John Lockhart teaches TE 801/ 803, Professional Roles and Responsibilities, a central class in the internship year for students in the teacher education program. In teaching this course, John is charged with helping his students deal with myriad practical concerns that first-year teachers face, while also challenging them to push themselves harder, question their own assumptions, use theoretical perspectives to interrogate their practice, and critically evaluate the effects of teaching and schooling on all students. Central to John’s practice are the twin beliefs that new teachers learn to teach through dialogue and in contexts in which their personal experiences and practical needs are respected and addressed. John uses a wide array of pedagogical strategies to create an educative context for the interns. He facilitates discussions in which teachers consider broad questions about responsibility, authority, and power in k–12 school systems, challenging one another’s analyses of teaching and schooling. He carefully chooses readings that will provoke their thinking. He shares stories from his own teaching experiences, and visits their schools to learn about their placements.

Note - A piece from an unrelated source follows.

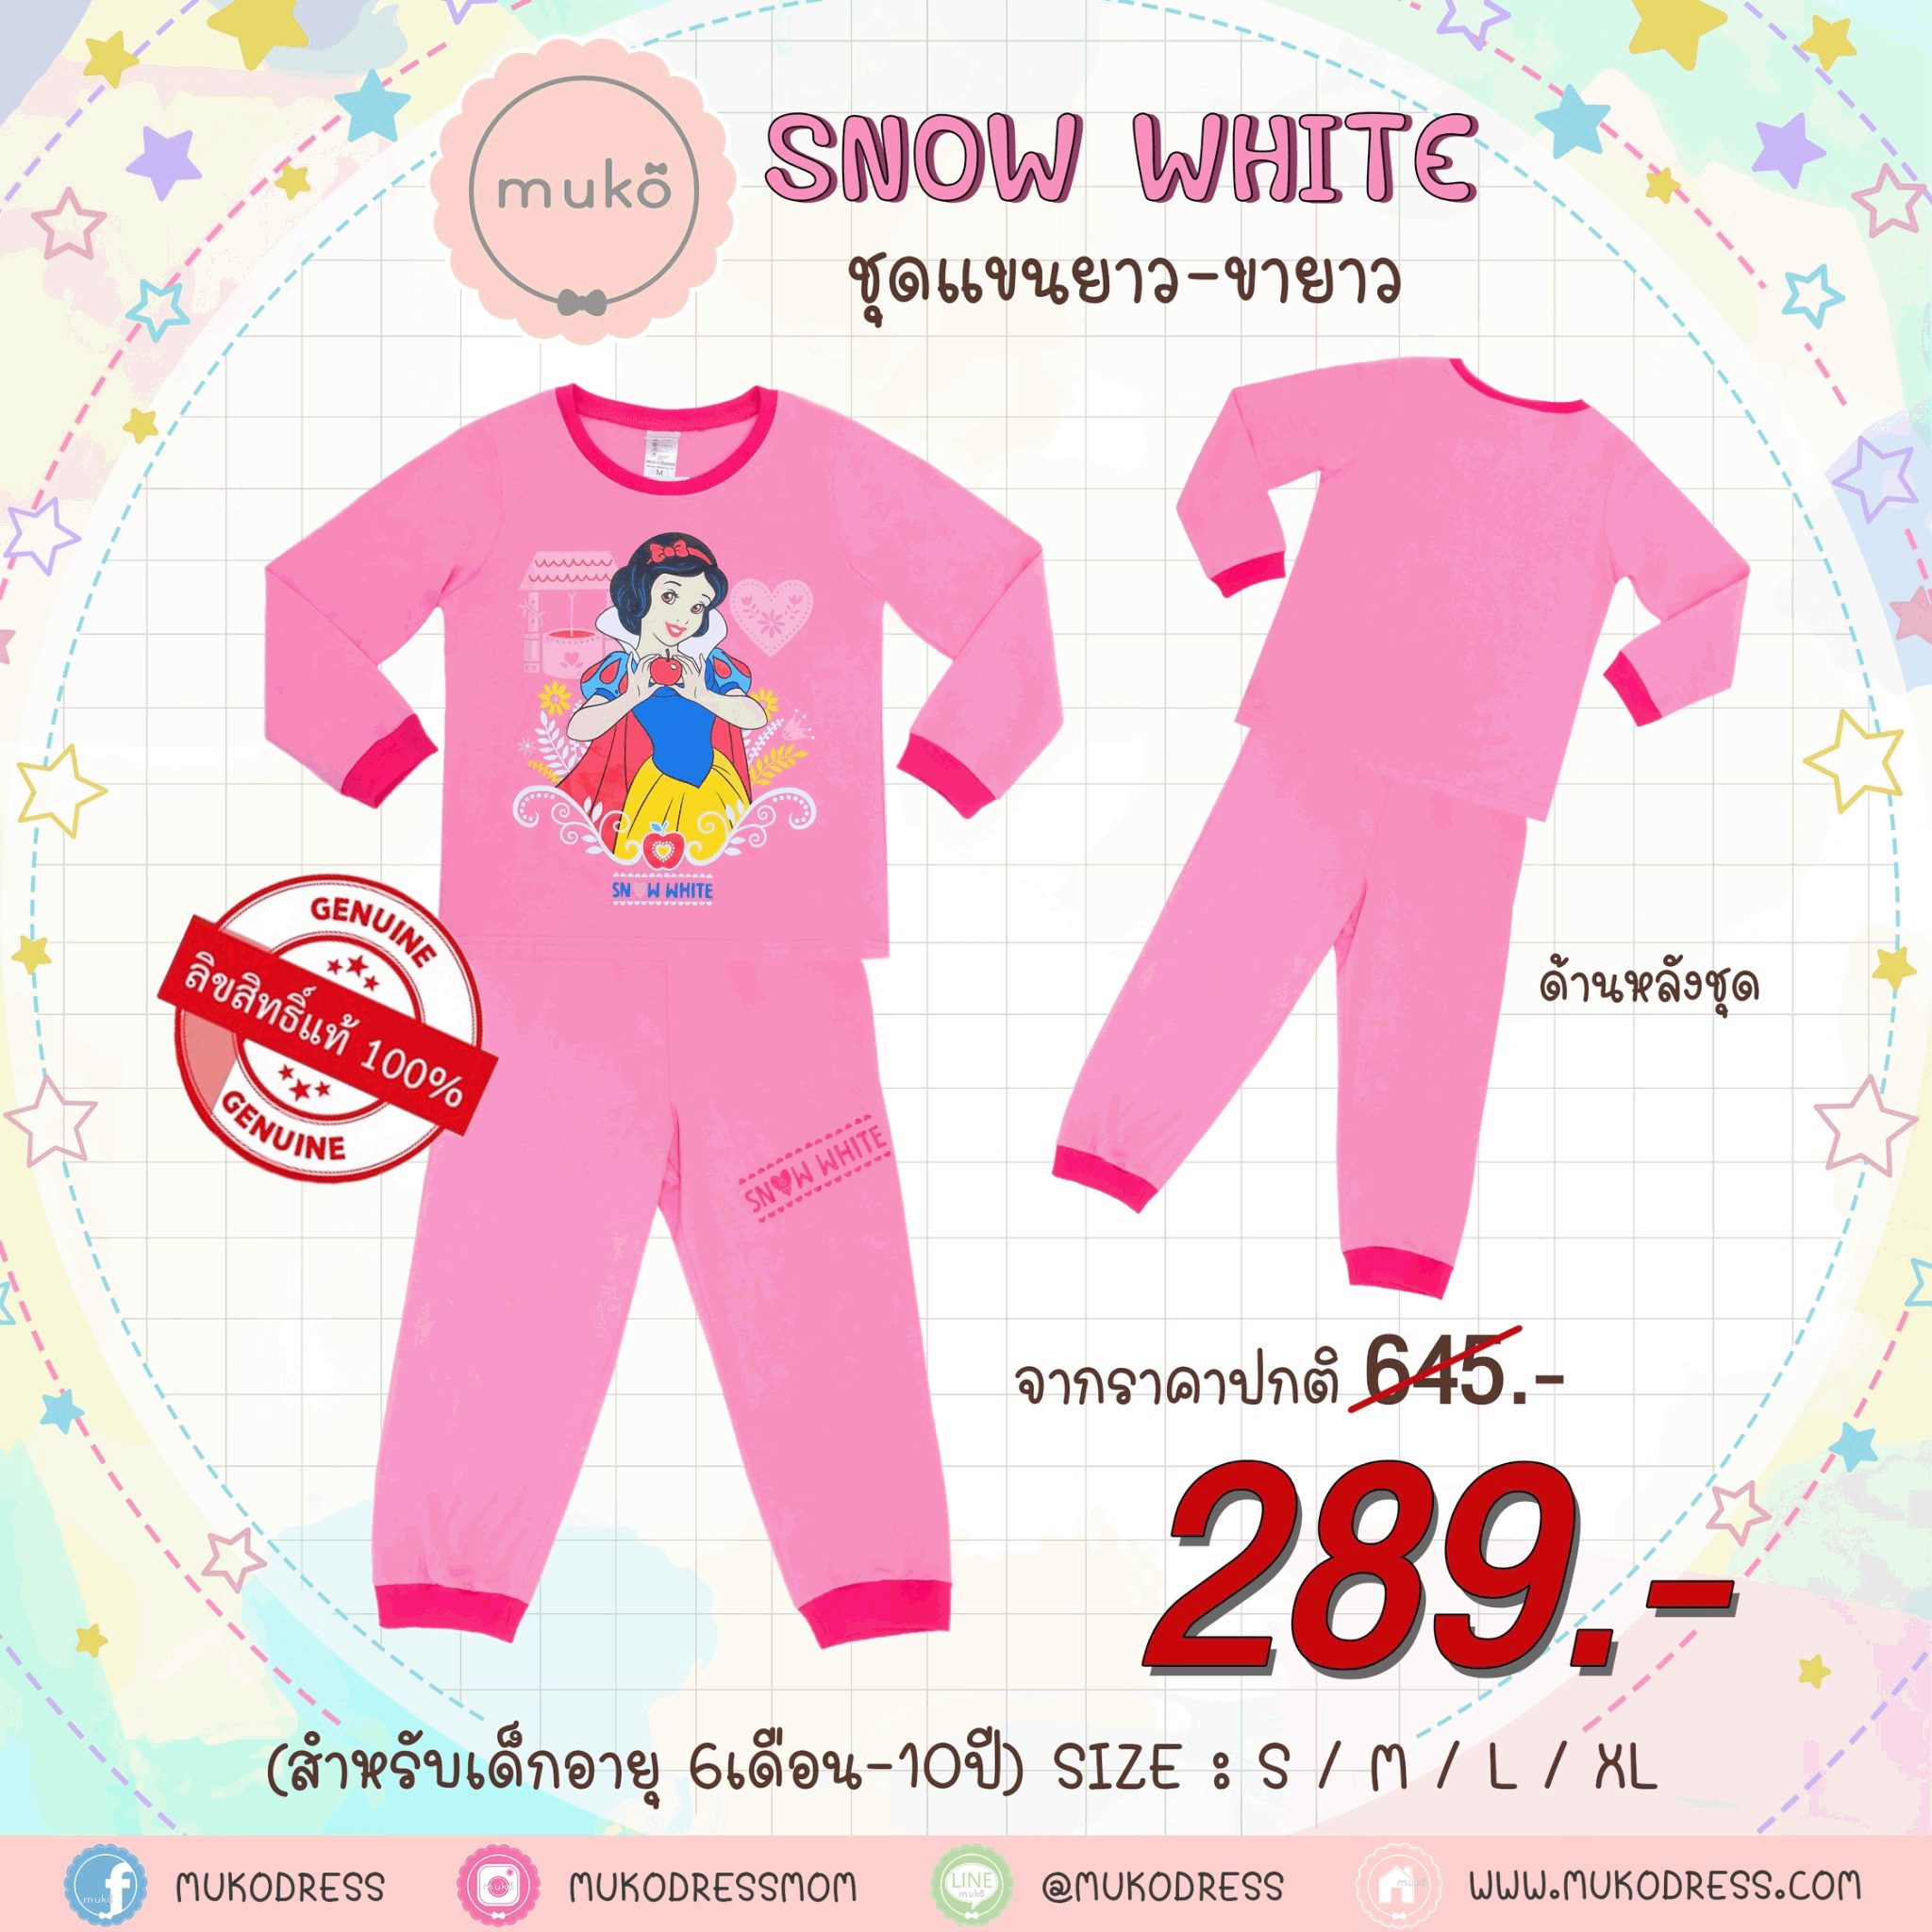 ชุดเด็ก 5-6 ขวบ แขนยาว-ขายาว (Size M) DPC127-09-XL-Pink M ลายเจ้าหญิงสโนไวท์ Snow white สีชมพู (ชมพูทั้งชุดขอบบานเย็น)

In addition, John created an online forum in which new teachers could share stories, swap helpful hints, and find just-in-time help. Throughout this careful teaching work, John has also collected data on his students’ learning and experience, and has initiated a line of his own scholarship concerning learning to teach and the role of teacher education in launching new teachers who are committed to and prepared for the hard work of creating intellectually challenging, personally respectful classrooms in which all children learn. Early in his career as a teacher educator, John has made huge strides in creating curricula and a community that supports new teachers in the early stages of their development while also challenging them to keep growing.

 

Craig Paiement
Department of Kinesiology

Craig Paiement has been an active teacher in courses like Athletic Facility Design and the Psychology of Sport. In his teaching, he has exercised independence and autonomy, proactively redesigning his courses in the light of both student feedback and his own critical reflections of what has worked and not worked. Particularly impressive to the reviewers was Craig’s design and redesign of kin 454, Athletic Facility Planning, Design, and Management. Having taught the class for four years, Craig has taken initiative in a thorough redesign of that class, making it simultaneously more challenging and more relevant to his students. Based on his beliefs that learning requires the active engagement of students’ minds and bodies, Craig designed an elaborate series of assignments to support the evolution of students’ understanding of design. Students walk through facilities, and Craig prompts them to learn to see buildings and spaces in new ways. Students act as contractors and bidders in simulations, learning from the inside out how complicated it is to design good facilities.

Drawing on a wide array of pedagogical tools, Craig has students work in the field and then step back and look critically at what they learned. He has students interview potential clients; he presents relevant mini-lectures; he uses problem-based learning to present them with meaningful, provocative problems of practice. Throughout, Craig balances the need to make students feel that the work they are doing is personally relevant and meaningful, while also challenging them to think harder and write better about what they know. Through his work on this class, Craig has demonstrated his commitment to pushing students to new levels, to constantly searching out new ideas to enhance his teaching, and to create classes that are practically relevant and idea-rich.